CSV engine mode for standard-compliant quote and comma parsing

MySQL CSV Storage Engine is non-standard with respect to embedded " and , character parsing. Fixing this issue unconditionally would break MySQL CSV format compatibility for any pre-existing user tables and for data exchange with other MySQL instances, but it would improve compatibility with other CSV producing/consuming tools.

To keep both MySQL and other tool compatibility, a new dynamic, global/session server variable csv_mode has been implemented. This variable allows an empty value (the default), and IETF_QUOTES.

If IETF_QUOTES is set, then embedded commas are accepted in quoted fields as-is, and a quote character is quoted by doubling it. In legacy mode embedded commas terminate the field, and quotes are quoted with a backslash.

Example

Table:

mysql> CREATE TABLE albums (
  `artist` text NOT NULL,
  `album` text NOT NULL
  ) ENGINE=CSV DEFAULT CHARSET=utf8
  ;

Following example shows the difference in parsing for default and IETF_QUOTES csv_quotes.

mysql> INSERT INTO albums VALUES ("Great Artist", "Old Album"),
 ("Great Artist", "Old Album \"Limited Edition\"");

If the variable csv_mode is set to empty value (default) parsed data will look like:

"Great Artist","Old Album"
"Great Artist","\"Limited Edition\",Old Album"

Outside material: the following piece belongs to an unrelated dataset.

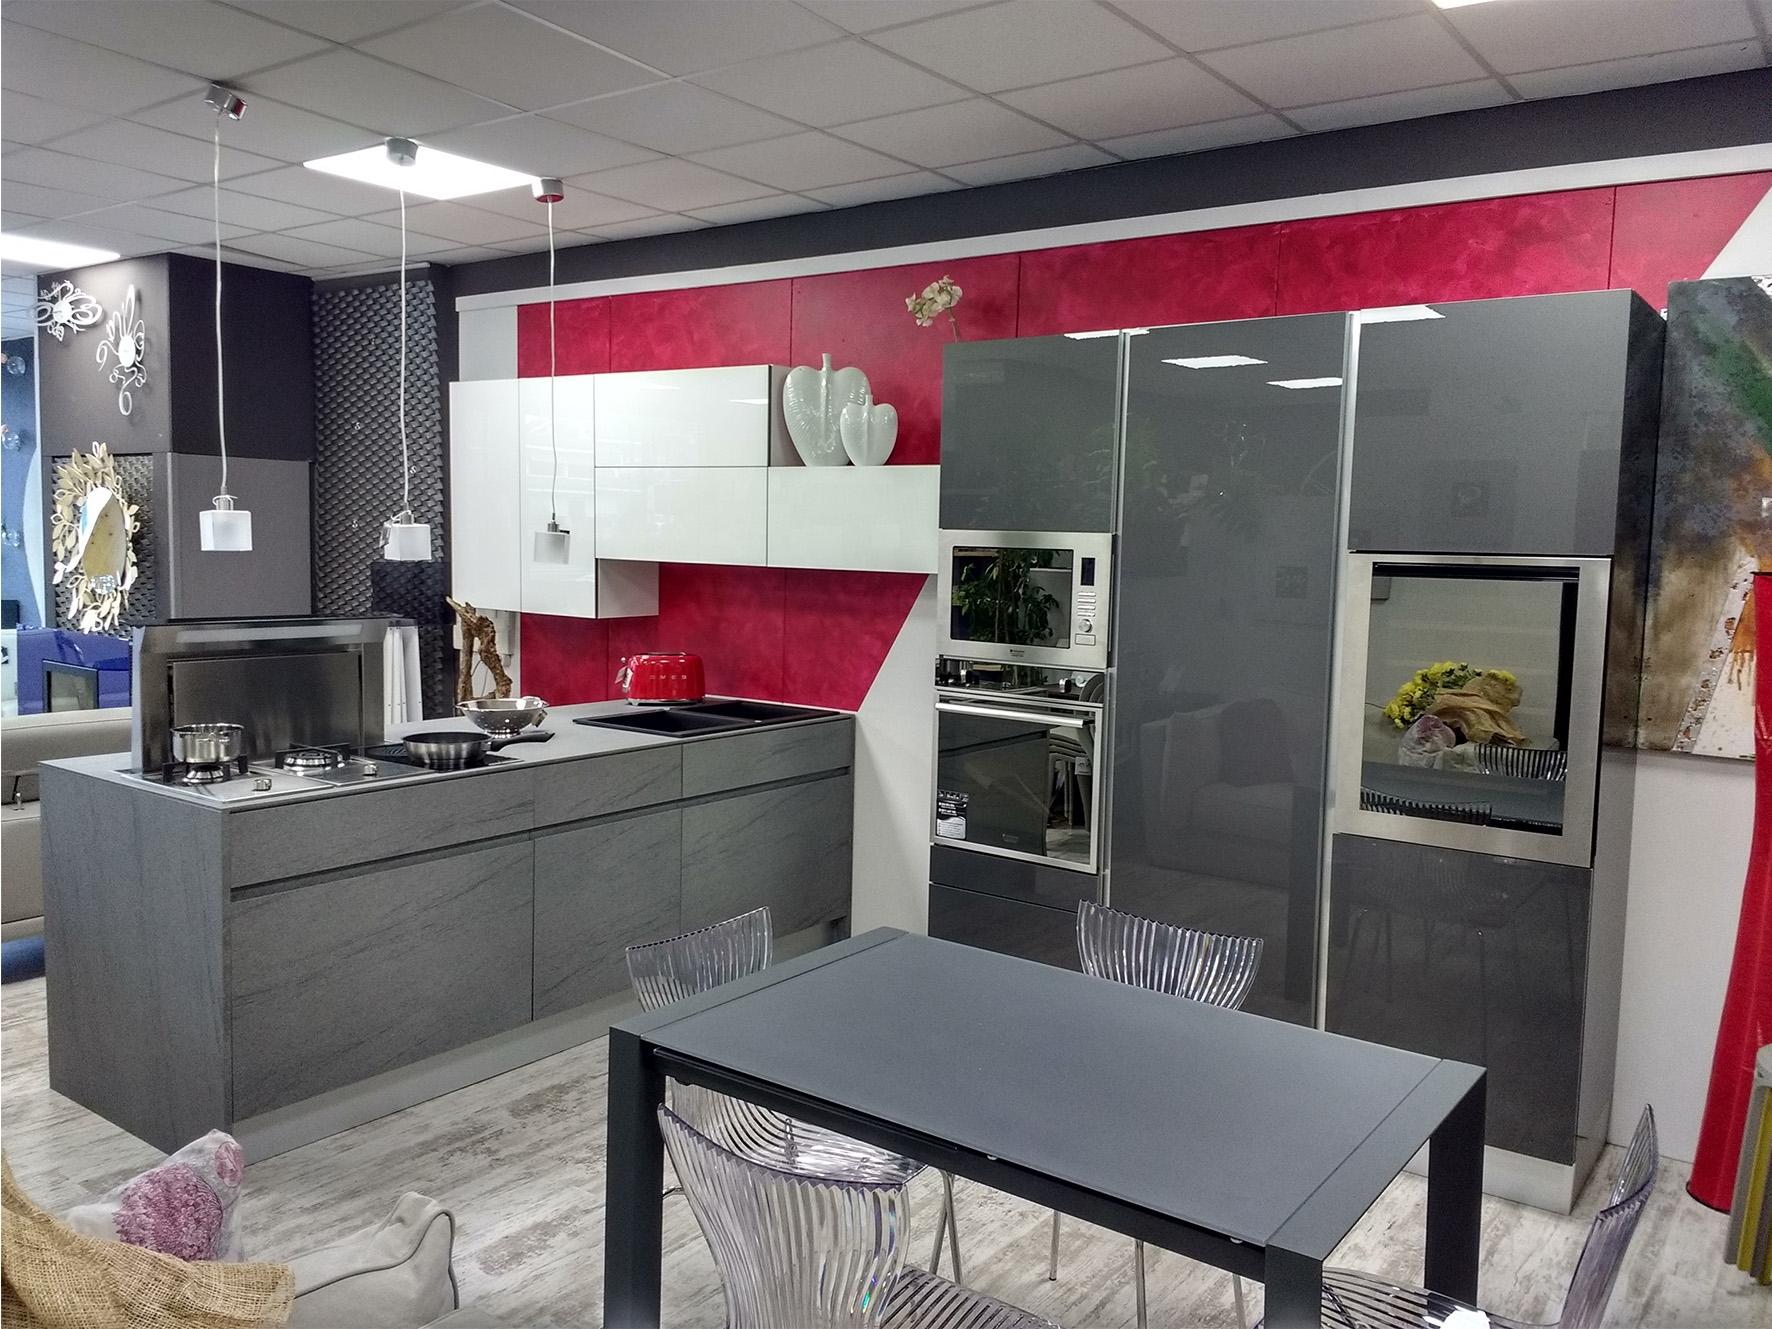 Cucine con isola gory cucine mod geo 45 monolite - Cucine a induzione consumi ...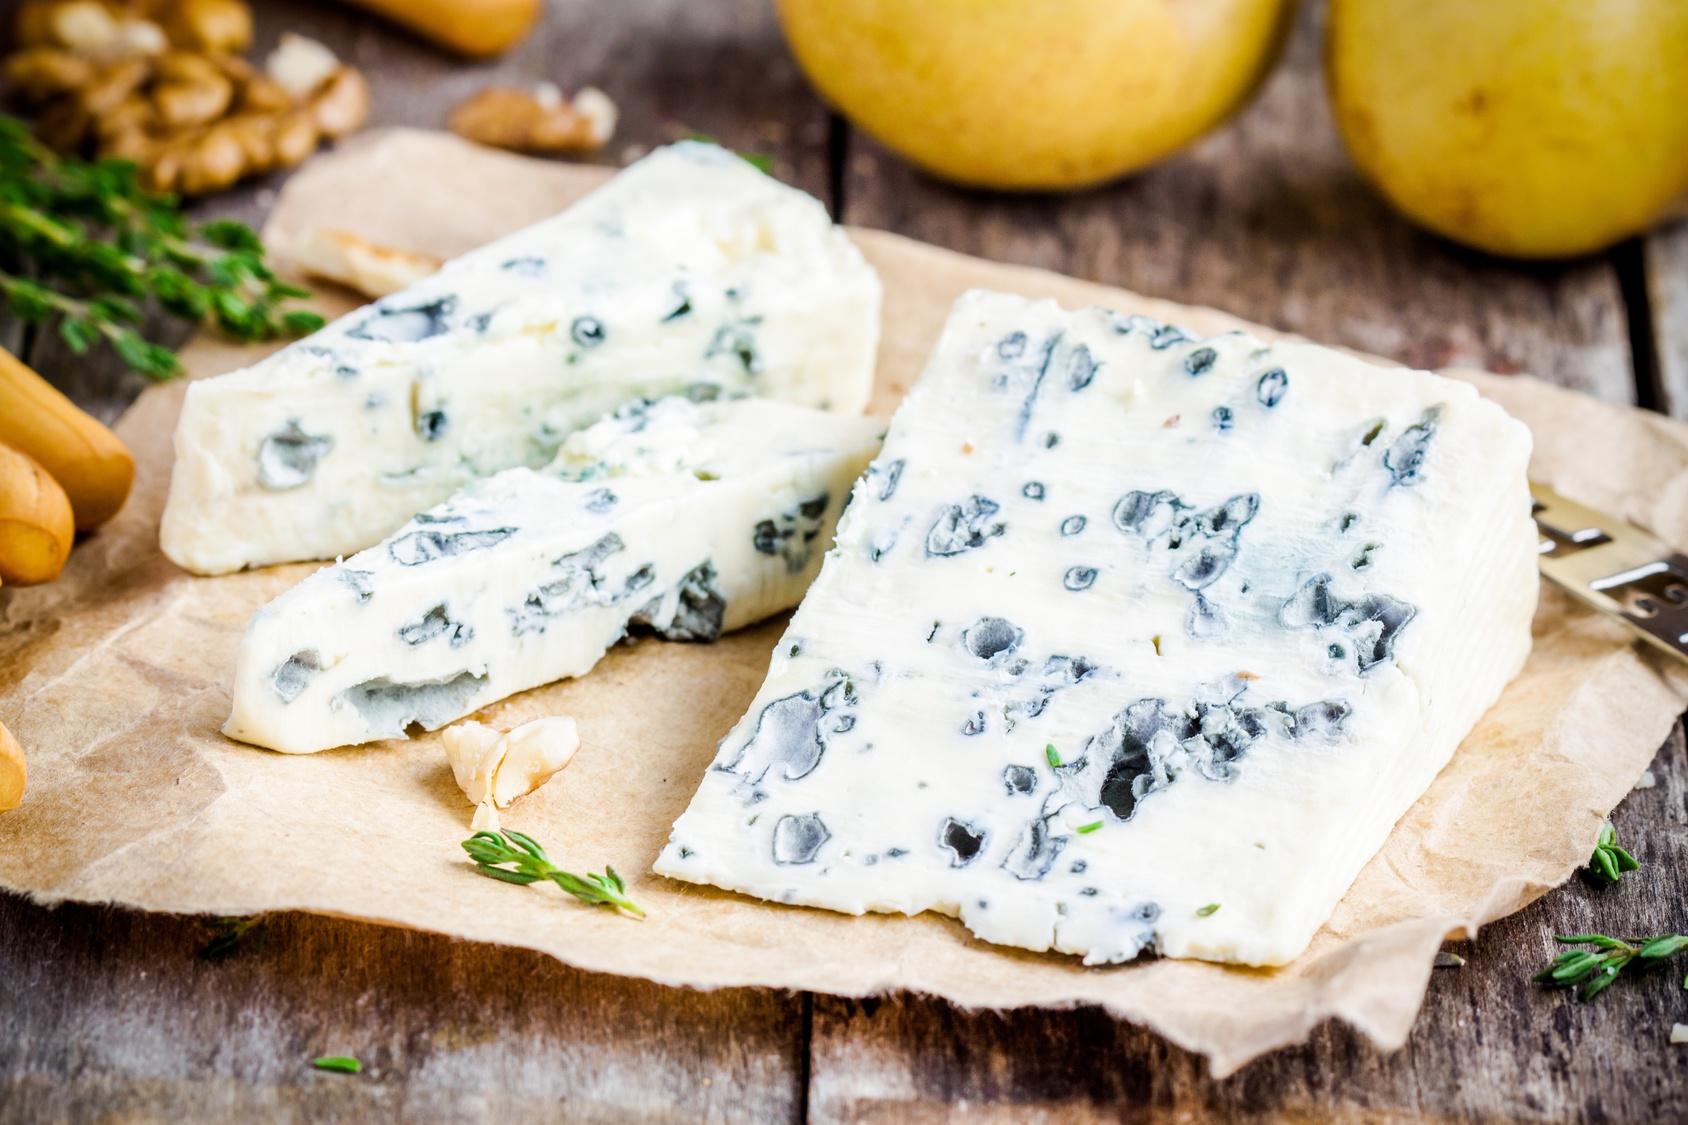 Käse selber machen - Blauschimmelkäse

If the variable csv_mode is set to IETF_QUOTES parsed data will look like as described in CSV rules:

"Great Artist","Old Album"
"Great Artist","""Limited Edition"",Old Album"

Parsing the CSV file which has the proper quotes (shown in the previous example) can show different results:

With csv_mode set to empty value, parsed data will look like:

mysql> SELECT * FROM albums;
+--------------+--------------------+
| artist       | album              |
+--------------+--------------------+
| Great Artist | Old Album          |
| Great Artist | ""Limited Edition" |
+--------------+--------------------+
2 rows in set (0.02 sec)

With csv_mode set to IETF_QUOTES parsed data will look like:

mysql> SET csv_mode = 'IETF_QUOTES';
Query OK, 0 rows affected (0.00 sec)
mysql> SELECT * FROM albums;
+--------------+-----------------------------+
| artist       | album                       |
+--------------+-----------------------------+
| Great Artist | Old Album                   |
| Great Artist | "Limited Edition",Old Album |
+--------------+-----------------------------+

Version Specific Information

System Variables

variable csv_mode
Version Info:
Command Line:

Yes

Config File:

Yes

Scope:

Global, Session

Dynamic:

Yes

Variable Type:

SET

Default Value:

(empty string)

Range:

(empty string), IETF_QUOTES

Setting this variable is to IETF_QUOTES will enable the standard-compliant quote parsing: commas are accepted in quoted fields as-is, and quoting of " is changed from \" to "". If the variable is set to empty value (the default), then the old parsing behavior is kept.